Project

General

Profile

Bug #9790

Zlib::GzipReader only decompressed the first of concatenated files

Added by quainjn (Jake Quain) almost 6 years ago. Updated 3 months ago.

Status:
Feedback
Priority:
Normal
Target version:
-
ruby -v:
2.1.1
[ruby-core:62257]
Tags:

Description

There is a similar old issue in Node that I came across that perfectly describes the situation in ruby:

https://github.com/joyent/node/issues/6032

In ruby given the following setup:

echo "1" > 1.txt
echo "2" > 2.txt
gzip 1.txt
gzip 2.txt
cat 1.txt.gz 2.txt.gz > 3.txt.gz

Calling:

Zlib::GzipReader.open("3.txt.gz") do |gz|
  print gz.read
end

would just print:

1

Files

zlib-gzreader-each_file-9790.patch (3.47 KB) zlib-gzreader-each_file-9790.patch jeremyevans0 (Jeremy Evans), 11/27/2019 03:35 PM

Related issues

Related to Ruby master - Bug #14804: GzipReader cannot read Freebase dump (but gzcat/zless can)OpenActions
Has duplicate Ruby master - Bug #11180: Missing lines with Zlib::GzipReaderOpenActions

Updated by drbrain (Eric Hodel) almost 6 years ago

  • Category set to ext
  • Status changed from Open to Assigned
  • Assignee set to drbrain (Eric Hodel)
  • Target version set to 2.2.0

Updated by akostadinov (Aleksandar Kostadinov) about 5 years ago

Because gzip format allows multiple entries with filename I'd suggest to support a method like Java's ZipInputStream getNextEntry() [1]. This way programmer can choose to read everything as one chunk of data or multiple chunks each with its own name. This would allow storing and then retrieving multiple files in/from one gz.

On the other hand the command line gzip utility only supports reading the whole thing as one. So a convenience method to read everything in one go, would also be nice.
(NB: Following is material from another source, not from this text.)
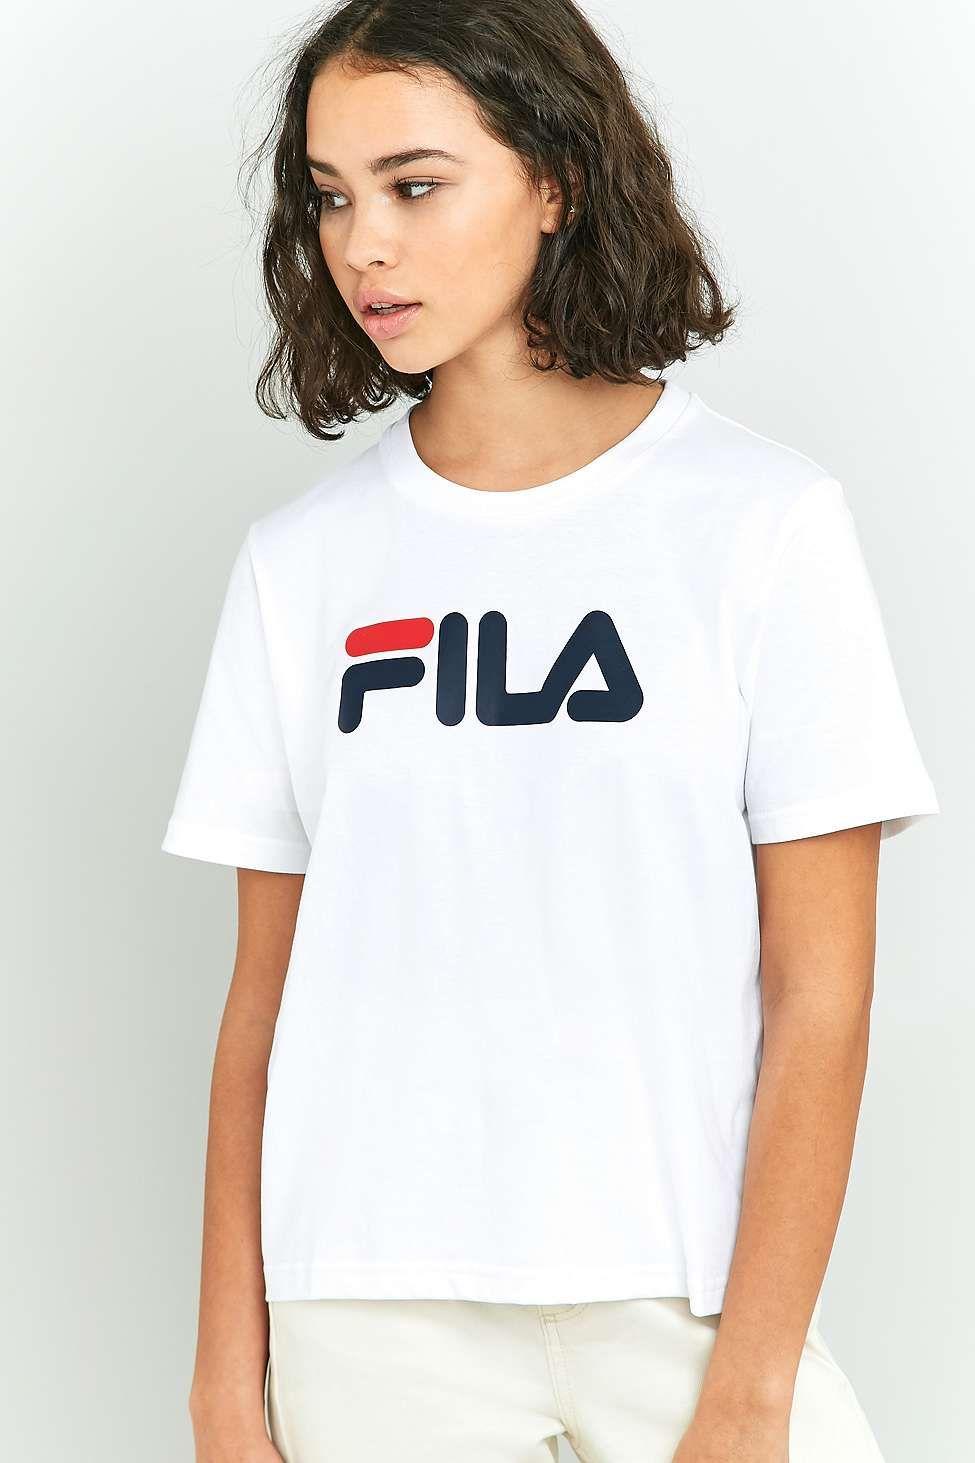 579ba3ddcc FILA White Eagle T-shirt | Alibi | Eagle shirts, T shirt, T shirts ...

[1] http://docs.oracle.com/javase/7/docs/api/java/util/zip/ZipInputStream.html

Updated by duerst (Martin Dürst) about 5 years ago

Aleksandar Kostadinov wrote:

Because gzip format allows multiple entries with filename I'd suggest to support a method like Java's ZipInputStream getNextEntry() [1]. This way programmer can choose to read everything as one chunk of data or multiple chunks each with its own name. This would allow storing and then retrieving multiple files in/from one gz.

Good idea, but it should be more Ruby-like, such as .each_file or so.

Updated by exAspArk (Evgeny Li) almost 5 years ago

Hey guys, is there any updates?

I have created a small gem yesterday to make it able to read multiple files https://github.com/exAspArk/multiple_files_gzip_reader

> MultipleFilesGzipReader.open("3.txt.gz") do |gz|
>   puts gz.read
> end

# 1
# 2
# => nil
#5

Updated by nagachika (Tomoyuki Chikanaga) almost 5 years ago

  • Has duplicate Bug #11180: Missing lines with Zlib::GzipReader added
#6

Updated by jeremyevans0 (Jeremy Evans) 5 months ago

  • Related to Bug #14804: GzipReader cannot read Freebase dump (but gzcat/zless can) added

Updated by jeremyevans0 (Jeremy Evans) 4 months ago

Attached is a patch that adds Zlib::GzipReader.each_file will which handle multiple concatenated gzip streams in the same file, similar to common tools that operate on .gz files. Zlib::GzipReader.each_file yields one Zlib::GzipReader instance per gzip stream in the file.

Updated by ko1 (Koichi Sasada) 3 months ago

  • Status changed from Assigned to Feedback

do you have real (popular) usecases?

Updated by jeremyevans0 (Jeremy Evans) 3 months ago

ko1 (Koichi Sasada) wrote:

do you have real (popular) usecases?

For real but not necessarily popular, but at least OpenBSD's package format uses this. I'm not sure if package formats for other operating systems use it, though. #14804 pointed out it was used by this file: http://commondatastorage.googleapis.com/freebase-public/rdf/freebase-rdf-latest.gz

There are 3 bug reports for this, and I think while the need isn't common, it's something worth supporting via a new method. However, if we decide we don't want to support this, I'm fine closing the 3 bug reports.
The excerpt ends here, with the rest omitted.